Chloe talks about how angels blinded the GC so they couldn't see them take off. Again, for all their boasting, RTCs are sure terrified of death even though by their own philosophy they have no reason to be. If the GC shot their planes out of the sky, they'd all go to heaven and get the Super Special Awesome Upgraded bodies, right? The angels should be out there witnessing and performing miracles for the undecided.

They talk some more about Our Buck's brother, a passage I'm going to ignore since I've forgotten much of the stuff with his brother. I'll sum it up: Buck's brother is dead.

Then Vicki asks a surprising question, saying, "Is it wrong to start a family during the tribulation?" I say this is a surprising question, because it's the first instance of any RTC considering that the End of Days may not be an ideal time to raise a child. I've said it before and I'll probably say it again, why didn't Zod just make everyone sterile during this seven-year window? The only thing I can conclude is because he likes killing children in horrific ways but heaven forbid you suggest any of the characters get an abortion. Zod can kill any number of sentient beings he likes but humans are forbidden from aborting the unborn, even though by their own theology, don't the RTCs believe that no sin is a deal-breaker so long as you confess and ask for forgiveness? Therefore, theoretically the characters could have abortions, confess, and remain free and clear in Zod's eyes, right?

Sorry to go so long on the same point, but stuff needed to be said. Anyway, here's Chloe's response.

Chloe laughed. “I suppose there were people who thought the times were too tough for romance. And some said it was foolish to bring up a child at this time. Tsion quoted a famous author who said, ‘A baby is God’s way of saying he wants the world to go on.’ I’ll admit I wasn’t ready for marriage at the time of the disappearances, but believing in Christ changed me. It made me more mature.”

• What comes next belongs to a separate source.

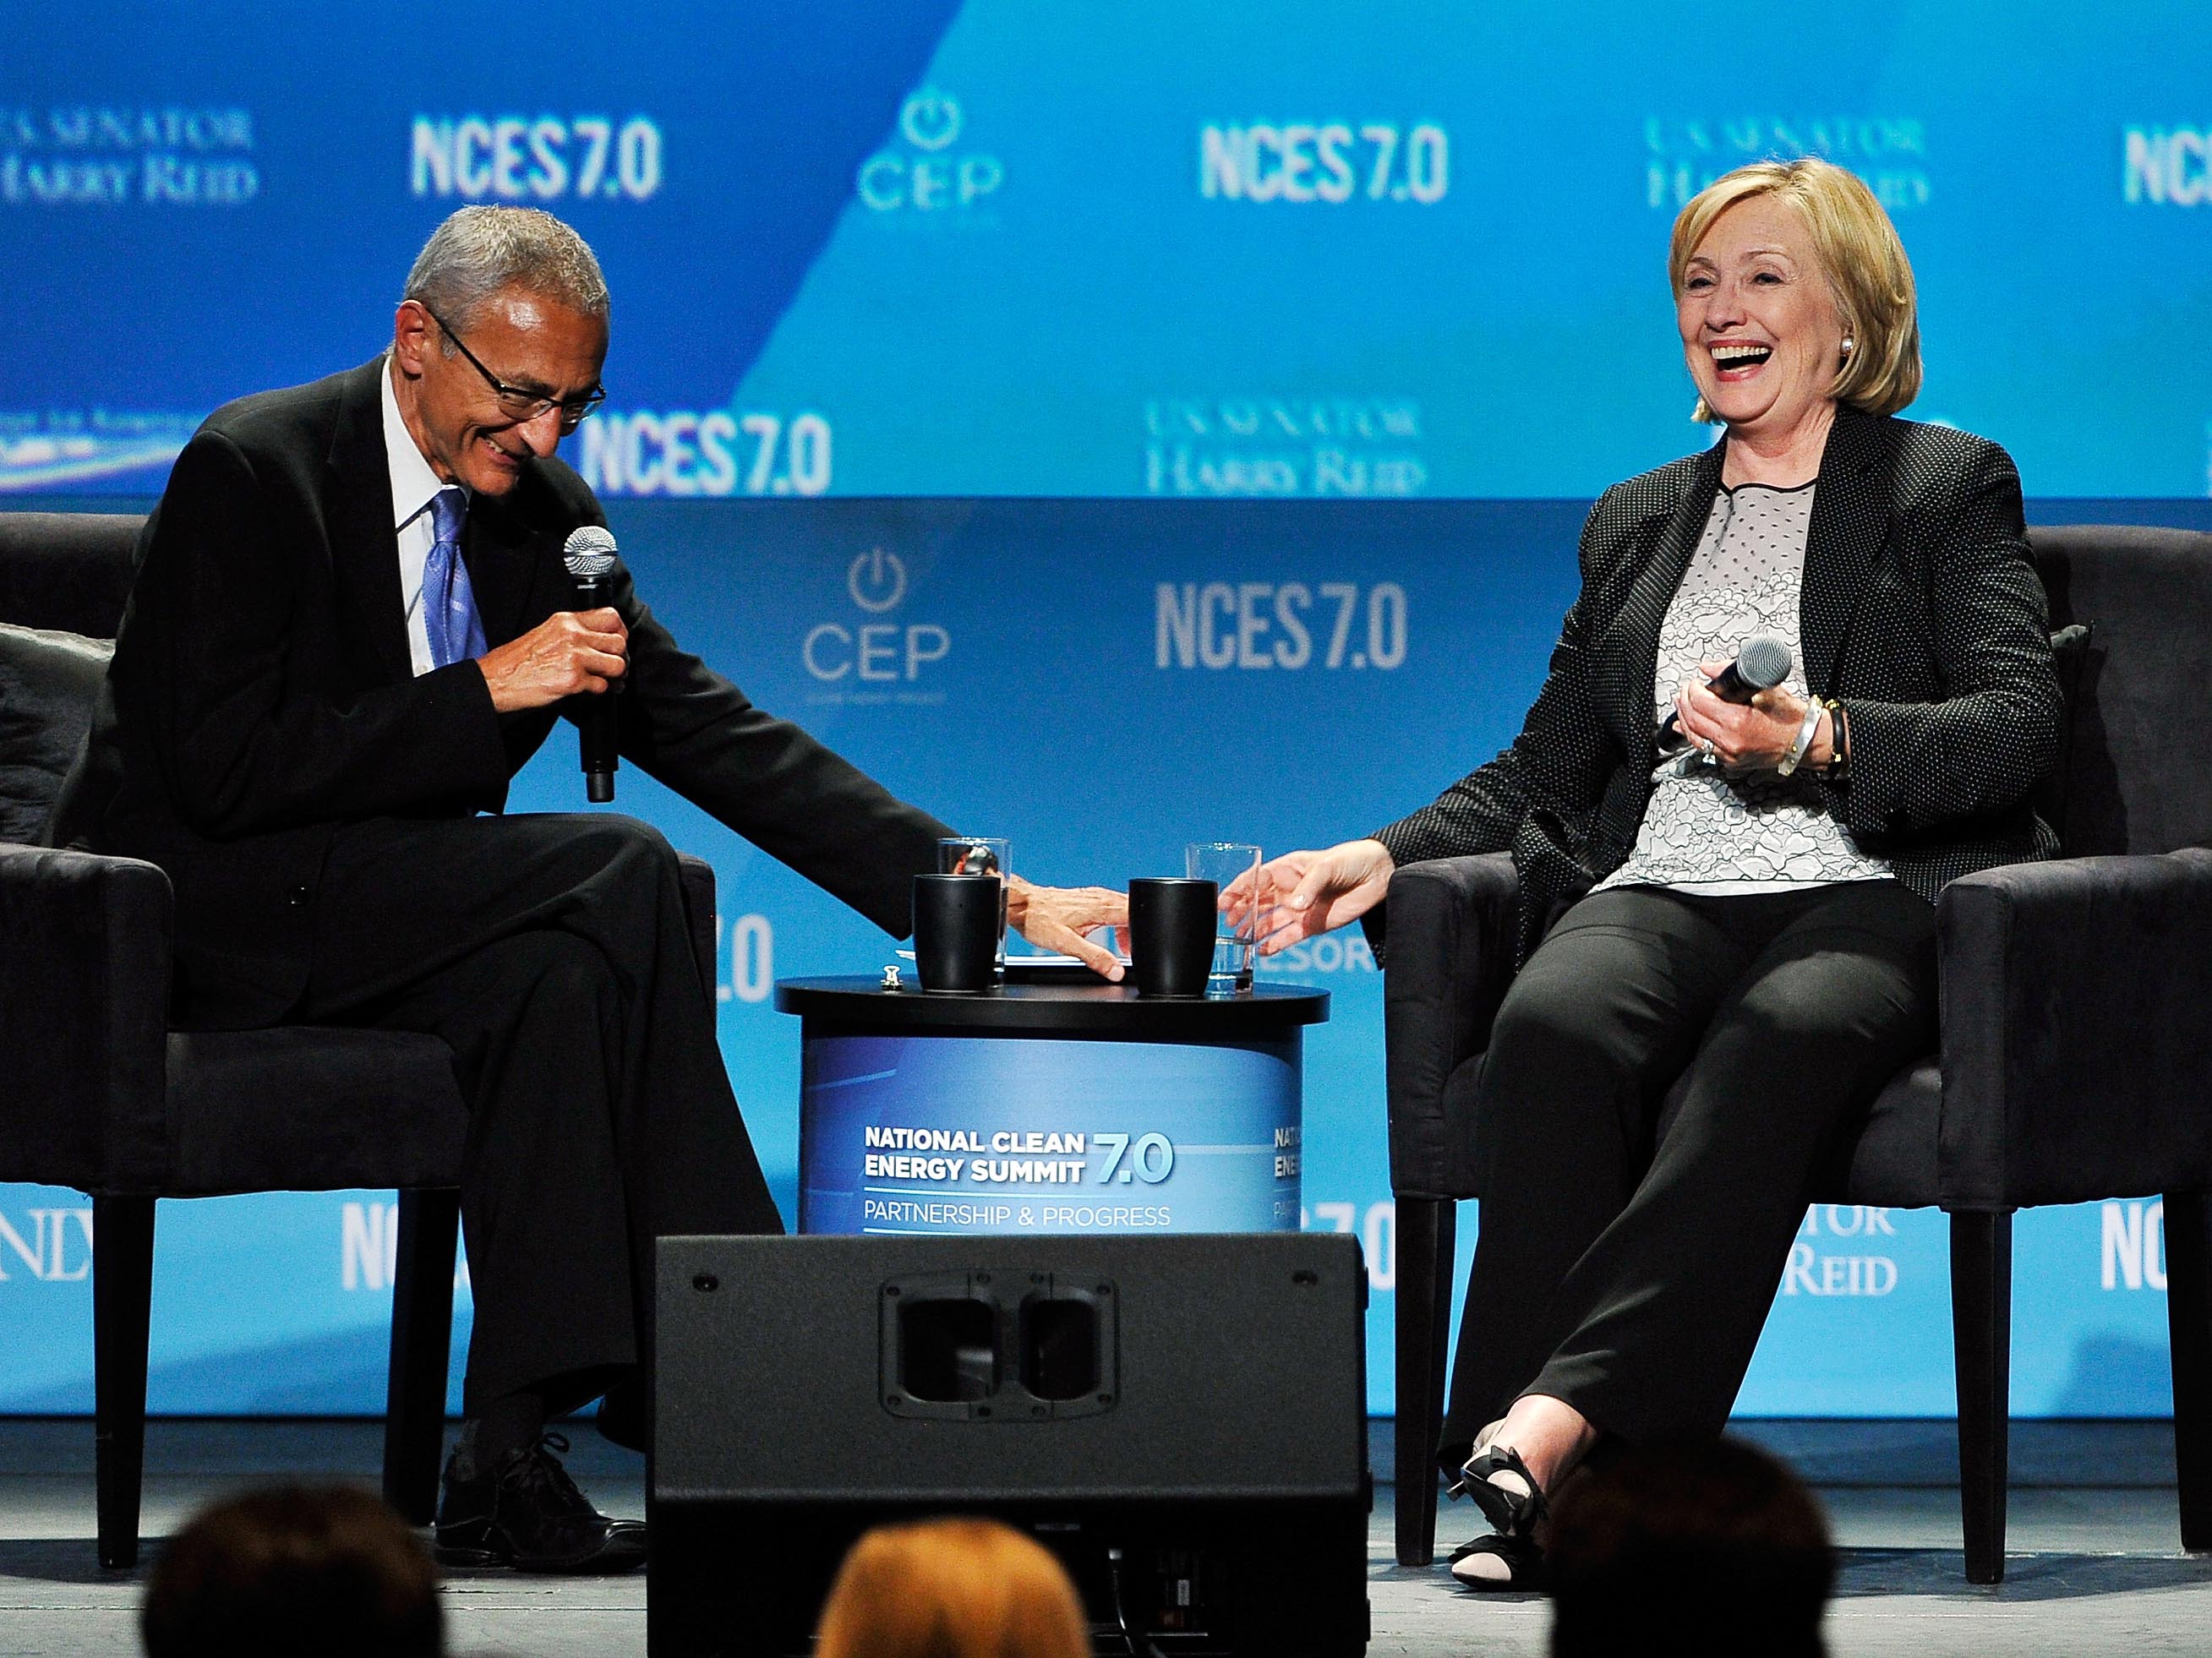 John Podesta, left, and Hillary Clinton attend the National Clean Energy Summit 7.0 on Sept. 4, 2014 in Las Vegas. (David Becker—Getty Images for National Clean)

Secondly, yeah, I've seen selections from the adult books, I know about the "more mature" Chloe. She goes from being a Stanford grad who somehow made her way across more than half the US during the Rapture, when the roads were filled with wrecked cars and planes, to being a whiny brat who throws flowers in trash and sulks and snipes at her love interest rather than confront him when she thinks he's cheating on her.

Vicki's like, "So you don't have any regrets?" Chloe's response:

“About marriage? None. Things are hard at times. Buck and I butt heads, and it would be easier to make decisions on my own instead of being accountable to another person, but I can’t imagine life without him. We’re a team. Why do you ask?”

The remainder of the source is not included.